The one timing knob the SDK itself owns is the session auto-lock (Step 4), because that lock is what scrubs a revealed phrase from memory.

Step 1 — Get the recovery contract

WalletRecovery is a Hilt-bound singleton. Inject it into a ViewModel (or read it off MidnightSdkProvider.recovery if you already hold the provider):

app/src/main/.../RecoveryViewModel.kt
package com.example.myapp.recovery

import androidx.fragment.app.FragmentActivity
import androidx.lifecycle.ViewModel
import androidx.lifecycle.viewModelScope
import com.midnight.kuira.core.auth.AuthenticationCancelledException
import com.midnight.kuira.sdk.walletseed.InvalidRecoveryPhraseException
import com.midnight.kuira.sdk.walletseed.RecoveryNotAllowedException
import com.midnight.kuira.sdk.walletseed.WalletRecovery
import dagger.hilt.android.lifecycle.HiltViewModel
import kotlinx.coroutines.flow.MutableStateFlow
import kotlinx.coroutines.launch
import javax.inject.Inject

@HiltViewModel
class RecoveryViewModel @Inject constructor(
    private val recovery: WalletRecovery,            // (1)
) : ViewModel() {

    val phrase = MutableStateFlow<List<String>?>(null)   // the revealed words, or null
    val error = MutableStateFlow<String?>(null)
}
  1. The SDK binds WalletRecovery → its default implementation in the Hilt graph (@HiltAndroidApp from the install recipe is all that's required).

Verify: ./gradlew :app:assembleDebug succeeds — Hilt resolves the binding.

Step 2 — Reveal the phrase on a screen you secure

revealPhrase(activity) triggers the biometric and returns the 24 words.
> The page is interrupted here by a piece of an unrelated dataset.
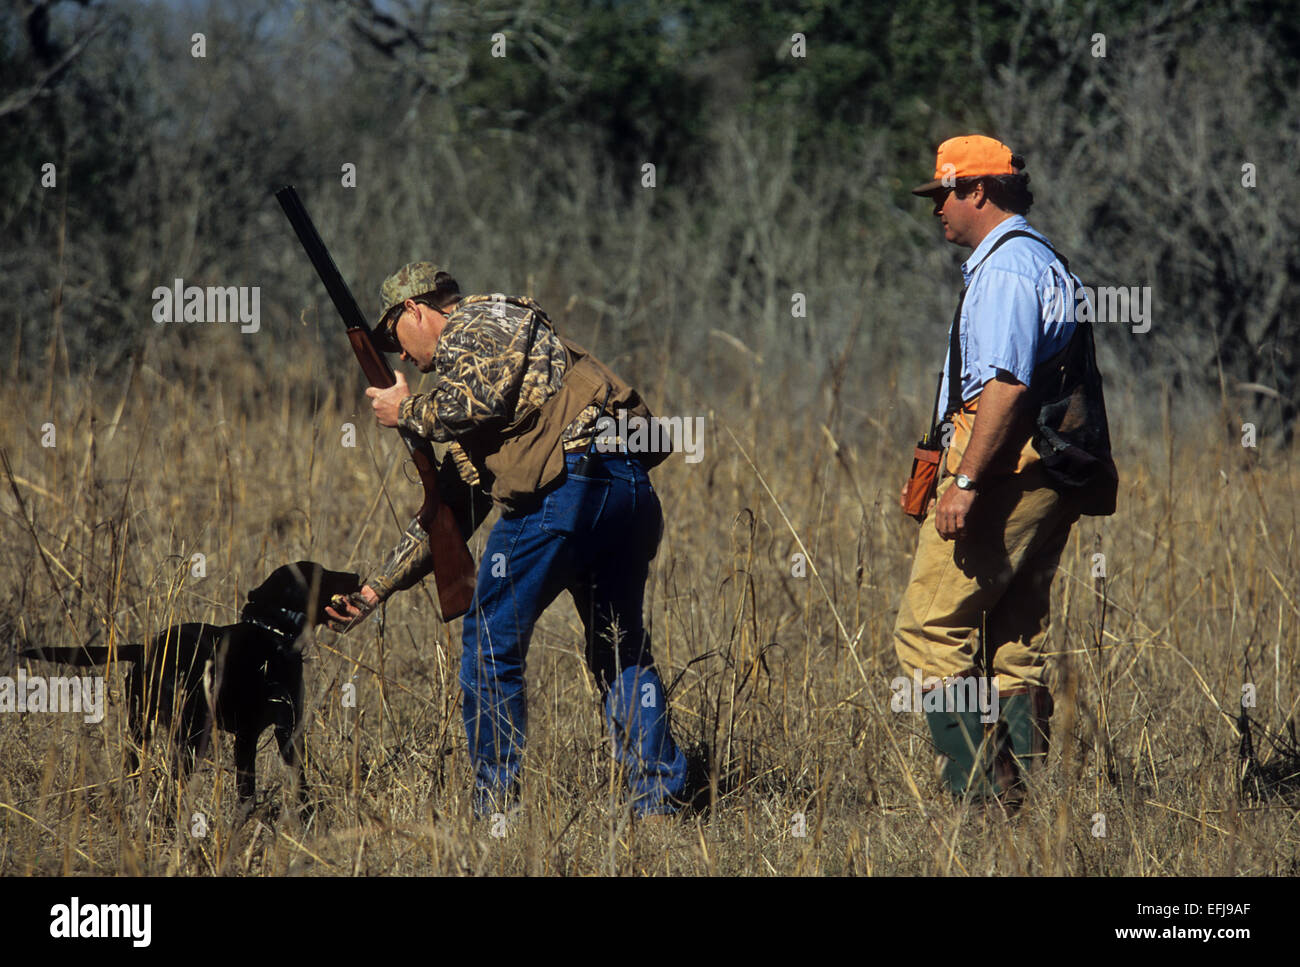 A hunter takes a bobwhite from his dog while quail hunting South Texas Stock Photo

The words are the keys to the wallet — the caller's security contract is: render only under FLAG_SECURE, never log / persist / transmit them, and drop the reference promptly.

RecoveryViewModel.kt (continued)
fun reveal(activity: FragmentActivity) {
    viewModelScope.launch {
        error.value = null
        try {
            phrase.value = recovery.revealPhrase(activity)   // biometric-gated
        } catch (e: AuthenticationCancelledException) {
            // User dismissed the prompt — no error, just don't reveal.
        } catch (e: Exception) {
            error.value = "Couldn't reveal the phrase"       // never log e with the words
        }
    }
}

fun clear() { phrase.value = null }   // call when the screen leaves

Your screen owns the rest. A minimal secure host:

app/src/main/.../RecoveryScreen.kt
@Composable
fun RecoveryScreen(vm: RecoveryViewModel = hiltViewModel()) {
    val activity = LocalContext.current as FragmentActivity
    val words by vm.phrase.collectAsStateWithLifecycle()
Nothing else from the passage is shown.